“La Grande Bellezza di Sorrentino: elogio dell’eccesso” by Cinema in Controluce

Da Parolesemplici

La Grande Bellezza, lo si capisce già dal titolo, è uno di quei film magniloquenti, grandi, ambiziosi, esagerati, sfrontati, senza mezze misure, che non si preoccupa di riproporre il sapore già provato de La Dolce Vita e di Roma di Fellini, non si cura di esagerare in spettacolarità e in melanconia, ma procede sulla sua strada, noncurante delle possibili critiche che un’operazione del genere – che non si autoproclama progressista e ottimista, tutt’altro – comporterà quasi sicuro in un certo pubblico e in una certa stampa. Già solo per questo coraggio oggi noto a pochi, La Grande Bellezza andrebbe apprezzato:il suo è un voler essere a tutti i costi “cinema”, a tutti i costi spettacolo, esageratamente spettacolo, come già il grottesco incipit della sindrome di Stendhal professa.Del resto, chiunque abbia vissuto nella città eterna e l’abbia respirata nei suoi mille volti non può che condividere questa sensazione, a tratti un po’ decadente, sicuramente saturante, di una bellezza che va per accumulo su accumulo, una bellezza dove gli strati temporali si sovrappongono e si accostano gli uni agli altri e sopra i quali, a sua volta, scorre indifferente la vita frenetica di tutti i giorni, oltre che lo sfavillìo della vita mondana ovviamente, dominante i piani alti.

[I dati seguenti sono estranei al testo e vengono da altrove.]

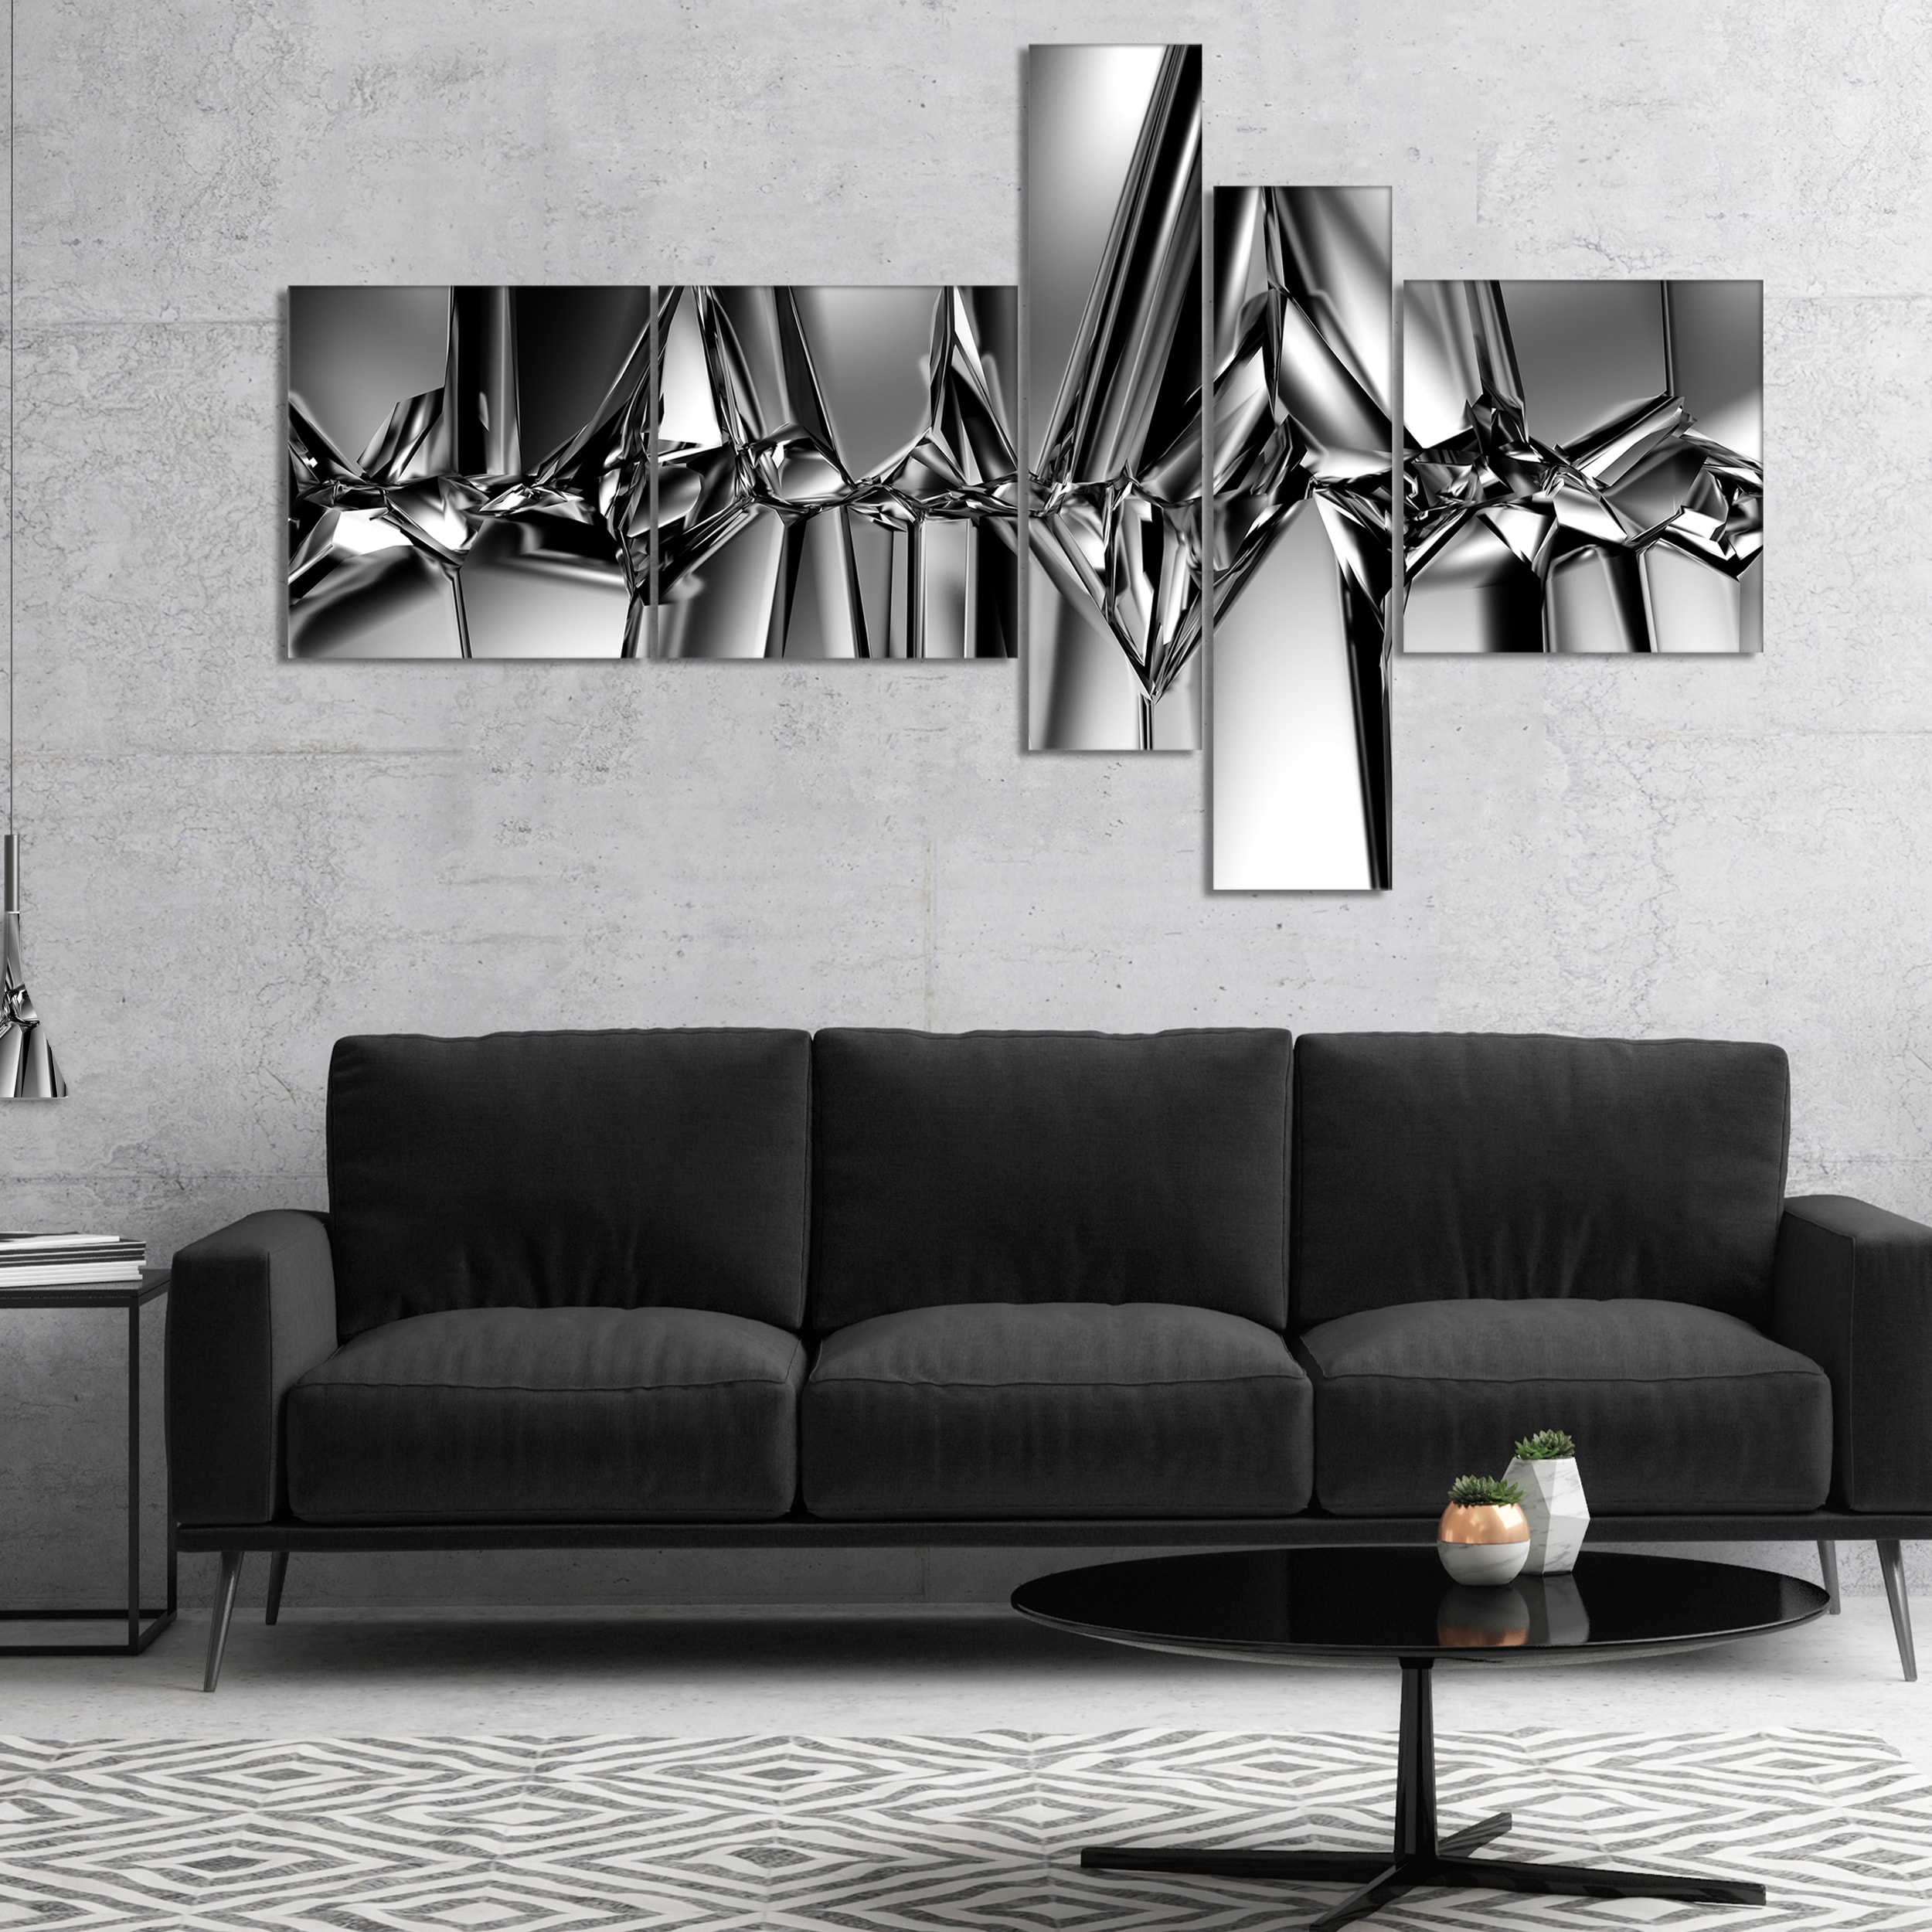 Black And White Wall Pictures For Living Room / Modern Black And White

Ecco, La Grande Bellezza di Sorrentino è tutto questo: è come una mappa, ovviamente non esaustiva, di una Roma vista da queste terrazze dalle quali è possibile cogliere nello stesso istante una panoramica che toglie il respiro per quanto è bella ma che al tempo stesso coglie anche il respiro perché la convivenza di rovine e modernità è un segno ineluttabile del tempo e quindi della morte e della decadenza delle cose.

A Sorrentino, però, non basta nemmeno questo, vuole giustamente strafare e vista la nostra cultura prettamente religiosa, coinvolge anche, soprattutto nella seconda parte del film, un forte senso del sacro, contrapposto al profano dei party, che è suggerito dal bianco perlaceo dei marmi di Carrara della Roma Barocca e delle statue e dell’arte che la popola e che la caratterizza più di ogni altra cosa.

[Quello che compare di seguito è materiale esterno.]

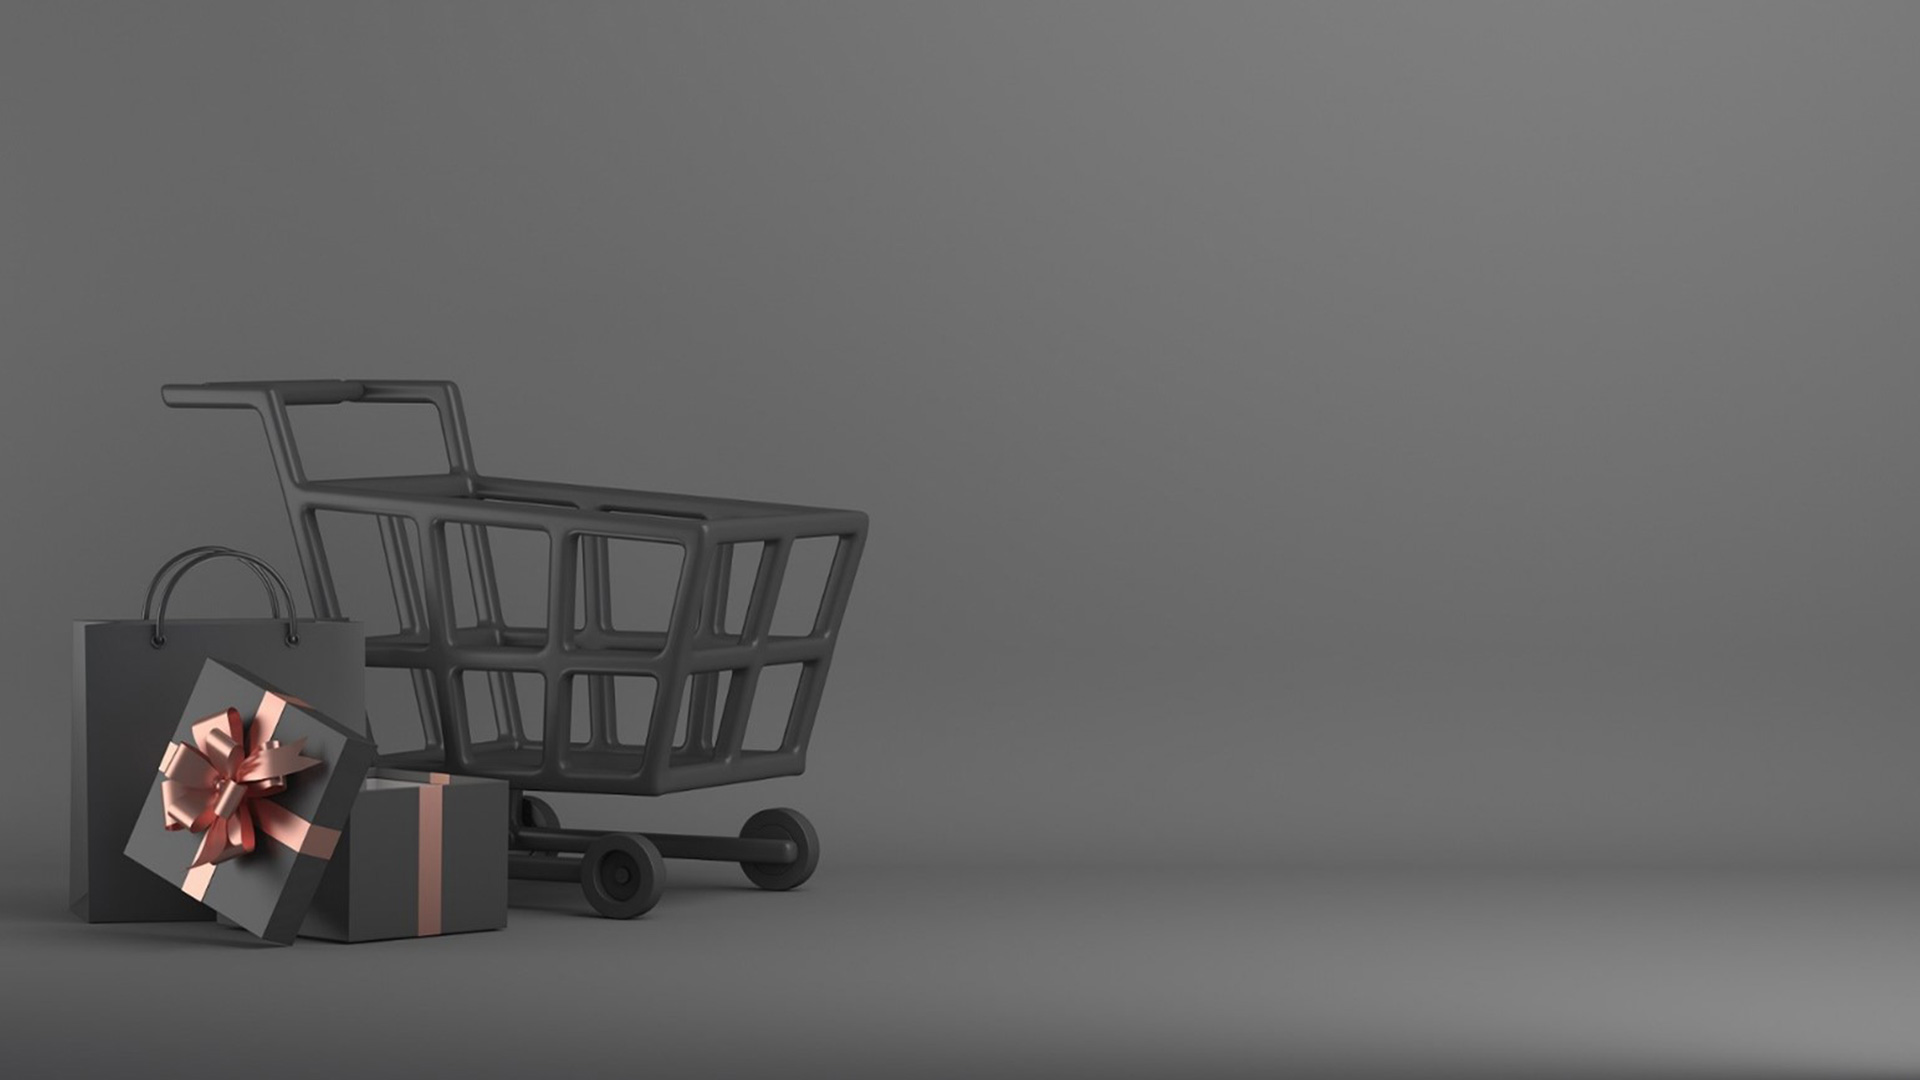 Gifts and trolley on a black background, black Friday concept

Lo stesso film è definibile come un cinema barocco, l’opposto assoluto del minimalismo e realismo di un Kechiche per fare un esempio: qui sono benvenuti, se non obbligatori, i grandi movimenti di macchina, i dolly, le frasi ad effetto, i voice over, perché c’è il sentore, se non peso, di un grande passato alle spalle, che per essere ricordato, commemorato, immortalato necessita di uno stile registico adatto, un po’ vistoso, come quello di Sorrentino appunto, che qui è più calzante che mai.

Si tratta, certamente, di un film imperfetto, non privo di difetti anche perché parecchio tagliato in fase di montaggio: per giudicarlo a pieno, o anche per curiosità, sarebbe davvero interessante poter vedere le scene tagliate: alcune si possono già intravedere in qualche libro fotografico. In ogni caso, nonostante i difetti e nonostante un certo manicheismo (sacro/profano, puro/impuro, etc), che non condivido ma che è tipico della nostra cultura, La Grande Bellezza è un film che ha una sua completezza, un senso compiuto, oltre che la prova assoluta che non c’è bisogno di darci sempre addosso riguardo l’incapacità di noi italiani e che qualcosa di bello e che piace a noi e al mondo siamo perfettamente, anzi in modo orgogliosamente imperfetto ed esagerato, in grado di farlo.